[Records for the exercise — start]
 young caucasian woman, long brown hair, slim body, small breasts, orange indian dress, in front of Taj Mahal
[Records for the exercise — finish]
[Records for the exercise — start]
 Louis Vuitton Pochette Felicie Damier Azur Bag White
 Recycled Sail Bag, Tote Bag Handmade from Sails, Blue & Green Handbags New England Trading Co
[Records for the exercise — finish]
[Records for the exercise — start]
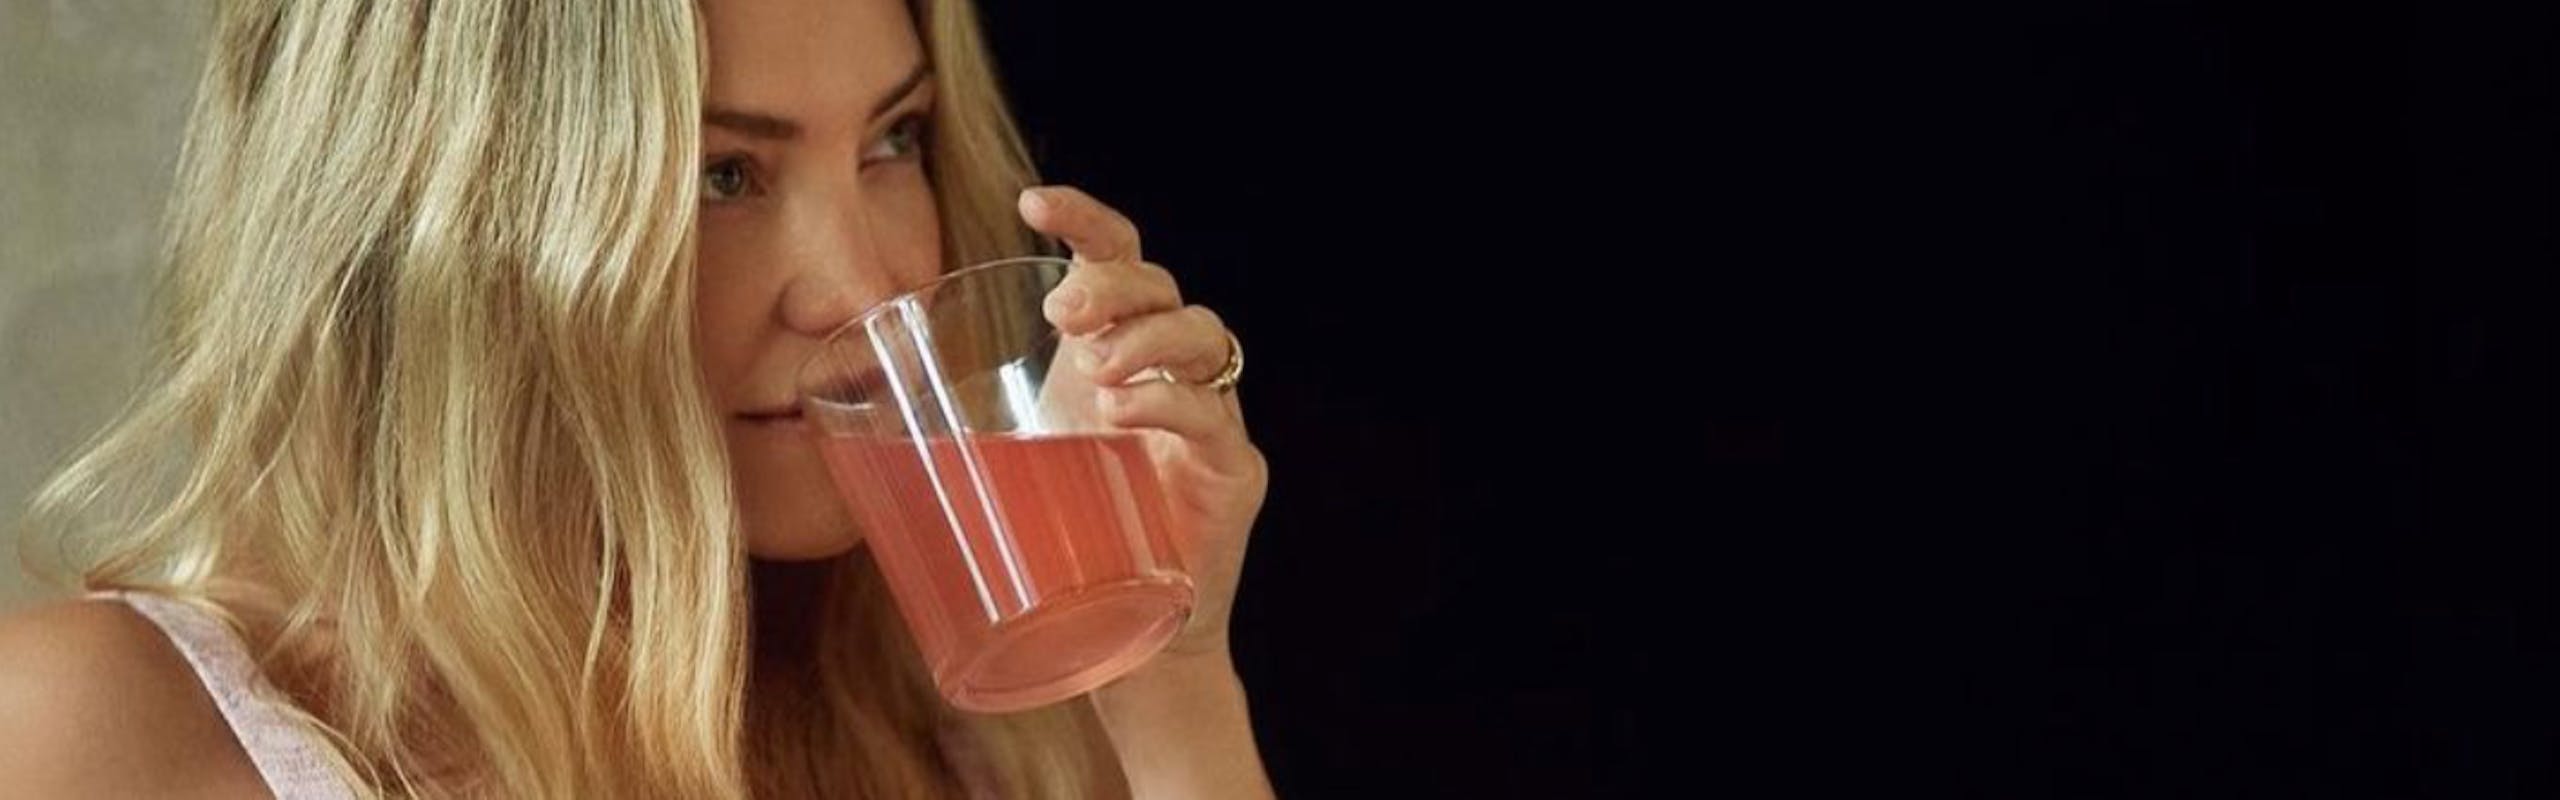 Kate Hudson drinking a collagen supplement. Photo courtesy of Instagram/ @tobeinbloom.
[Records for the exercise — finish]
[What is being asked] Would you copy out exactly the lines above that start at the one containing "Louis Vuitton Pochette" and end at the one containing "Recycled Sail Bag, Tote", inclusive?

[Response below]
 Louis Vuitton Pochette Felicie Damier Azur Bag White
 Recycled Sail Bag, Tote Bag Handmade from Sails, Blue & Green Handbags New England Trading Co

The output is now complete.